Taylor v. Jewish Hosp. & St. Mary’s Healthcare, Inc. (Summary)
Taylor v. Jewish Hosp. & St. Mary’s Healthcare, Inc., Civil Action No. 3:13-CV-00361-CRS (W.D. Ky. June 11, 2014)
A federal district court in Kentucky reached different conclusions with respect to the liability of two hospitals for the acts of their emergency physicians. The court ruled that one hospital could be liable for the acts of an emergency physician because he had an agency relationship with the hospital. However, the court found that an emergency physician at the second hospital was not its agent, so the second hospital could not be liable for his actions. The court also ruled that neither hospital violated the Emergency Medical Treatment and Active Labor Act (“EMTALA”).
A patient presented to the emergency department of the first hospital with severe abdominal pain and was diagnosed with pneumonia. After being tested and prescribed an antibiotic, the patient was discharged. He returned a few days later, complaining of shortness of breath and a sharp pain in his chest. He received an x-ray and a new prescription, and was once again sent home. When the patient still didn’t feel better, he went to a second hospital complaining of the same symptoms. After ordering a chest x-ray, a second-year resident diagnosed the patient with atypical pneumonia, prescribed another antibiotic, and sent him home. A few days later, the patient was found collapsed on the floor, and he was rushed to the hospital, where he was pronounced dead. An autopsy showed that he died of a pulmonary thromboembolism.
The patient’s mother alleged, in separate claims, that both hospitals were negligent in providing her son medical care.

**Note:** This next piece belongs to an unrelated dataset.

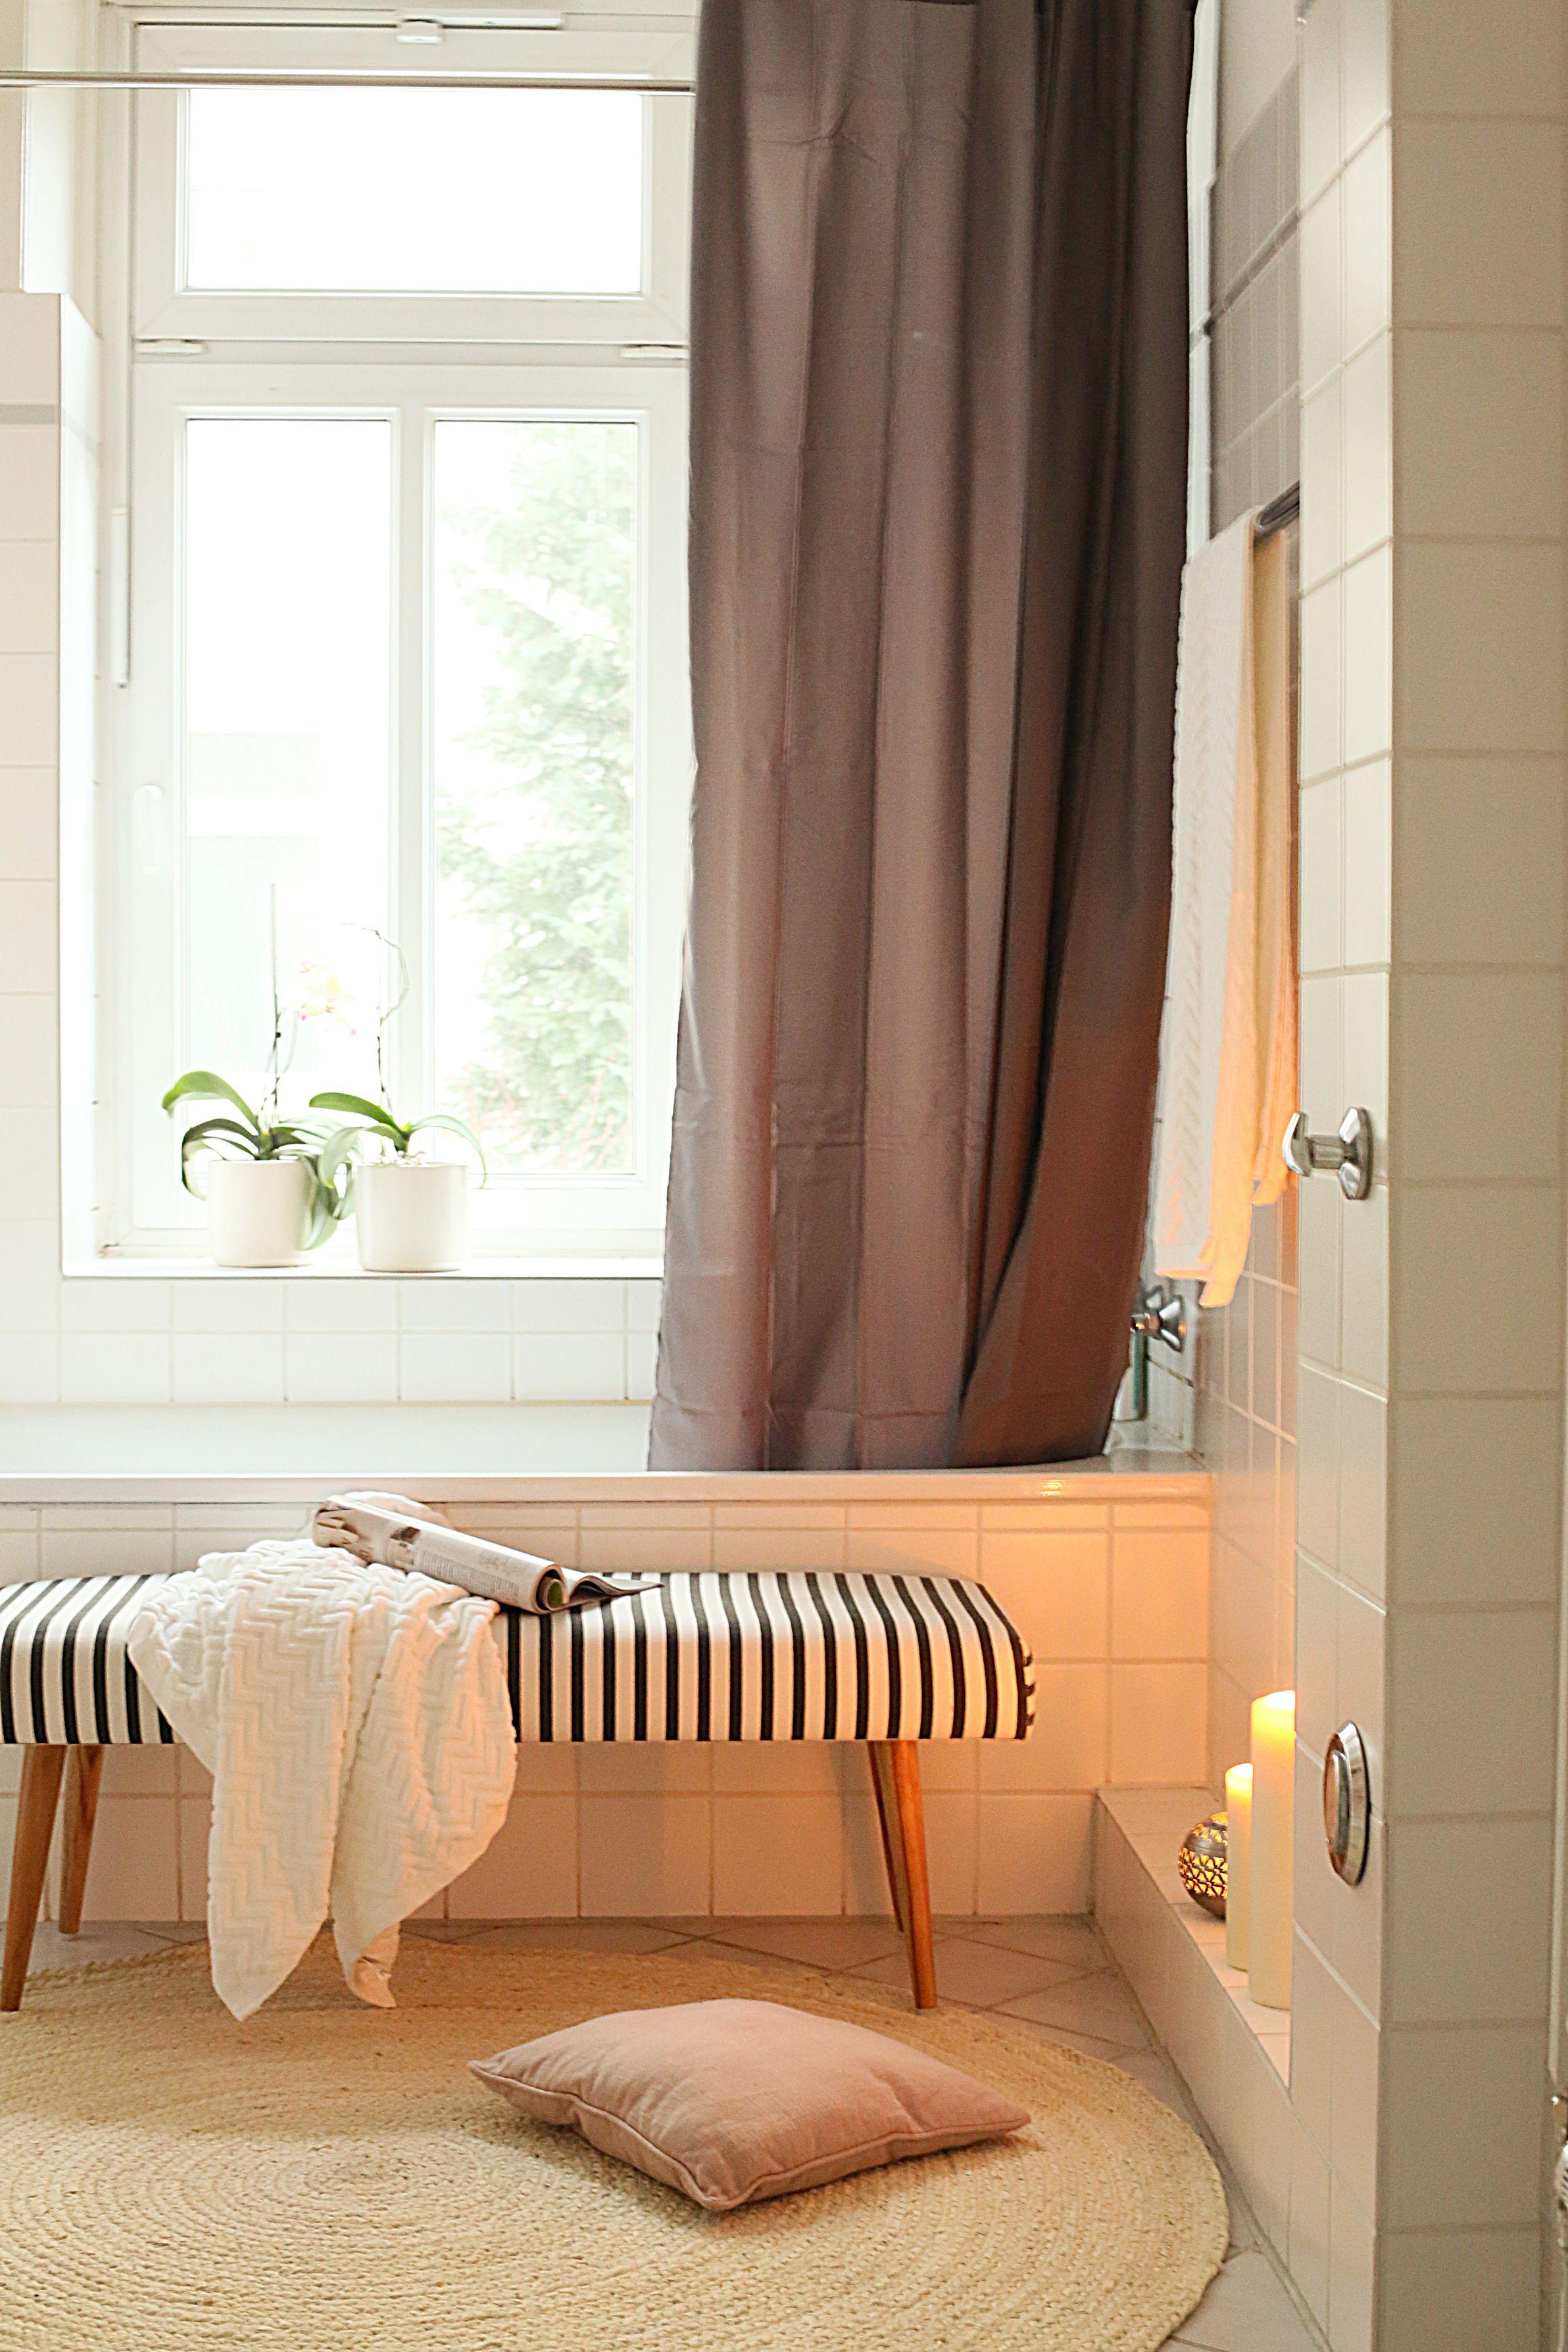 badezimmer altbau, bad, badezimmer, altbau, house doctor,, ikea, bathroom, interior, Badezimmer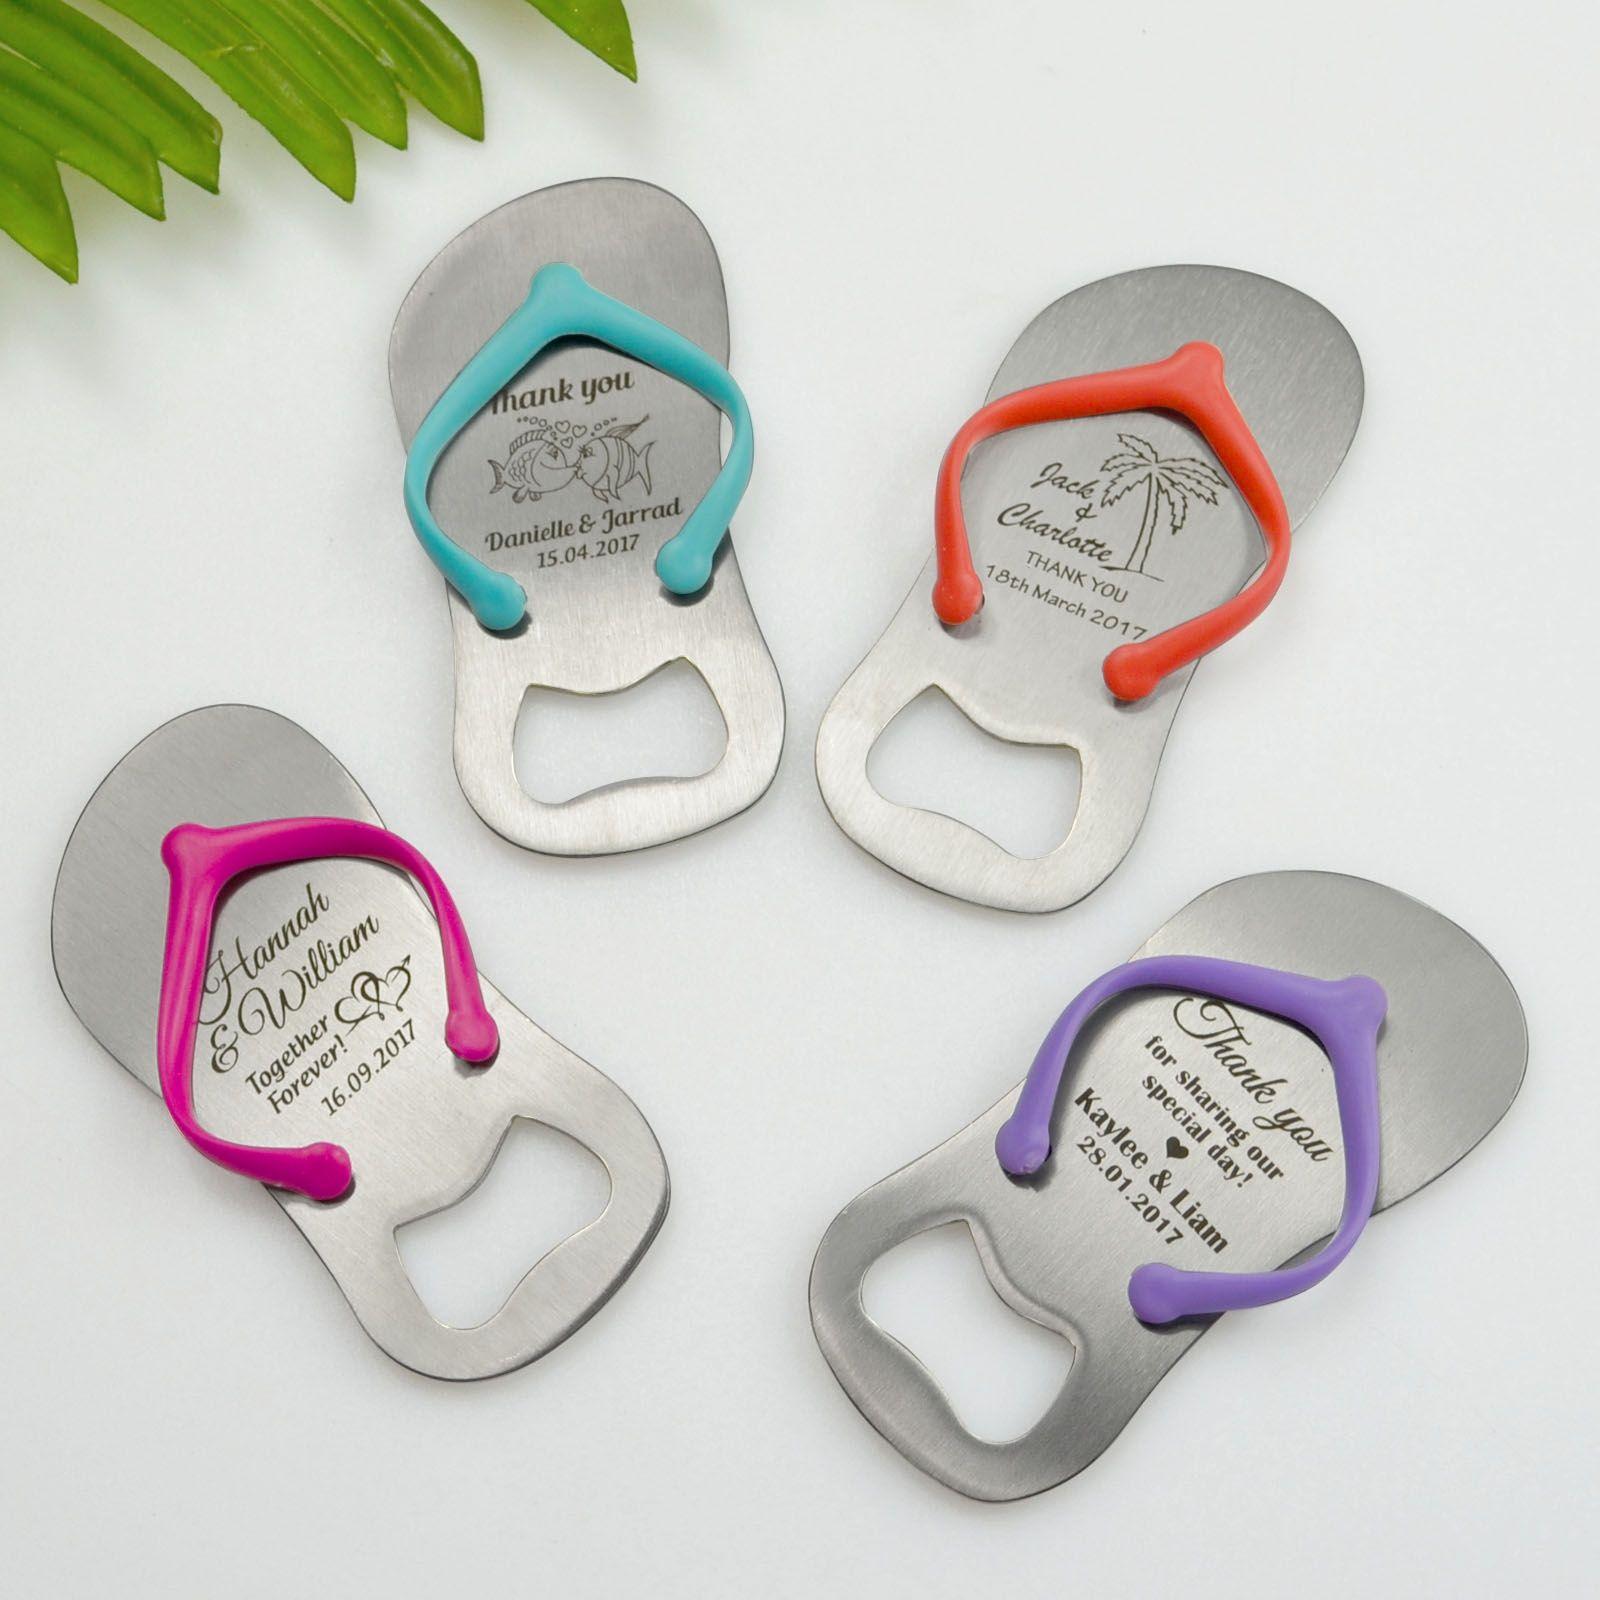 Thong (Flip Flop / Jandal) Bottle Opener | Things to Wear ...

The first hospital sought summary judgment on this claim, arguing that the independently contracted physicians were not employees, and therefore not agents. The court found that a genuine issue of fact existed regarding whether the hospital exercised a high level of control over the physicians in a way that might implicate them as agents. Among other things, the court found that the first hospital’s ability to prohibit an emergency physician from providing services, and its incentive compensation plan with the group that employed the emergency physician, suggested a high level of control. This led to the court’s denial of the hospital’s request for summary judgment so that further determination could be made by a jury.
The court did grant summary judgment to the second hospital on the same claim, however, holding that the patient’s signed consent form stating his awareness that the physicians are not hospital employees is sufficient to show that the resident was not an agent of the hospital.
The plaintiff alleged that both hospitals violated EMTALA by failing to provide sufficient testing or care to the patient. However, the court granted summary judgments to dismiss both claims, ruling that, while additional testing may have been advisable, the health care facilities could not be deemed to have had actual knowledge of the emergency medical condition other than pneumonia. Because there was no actual knowledge of the emergency medical condition, the necessary elements for an EMTALA claim could not be established.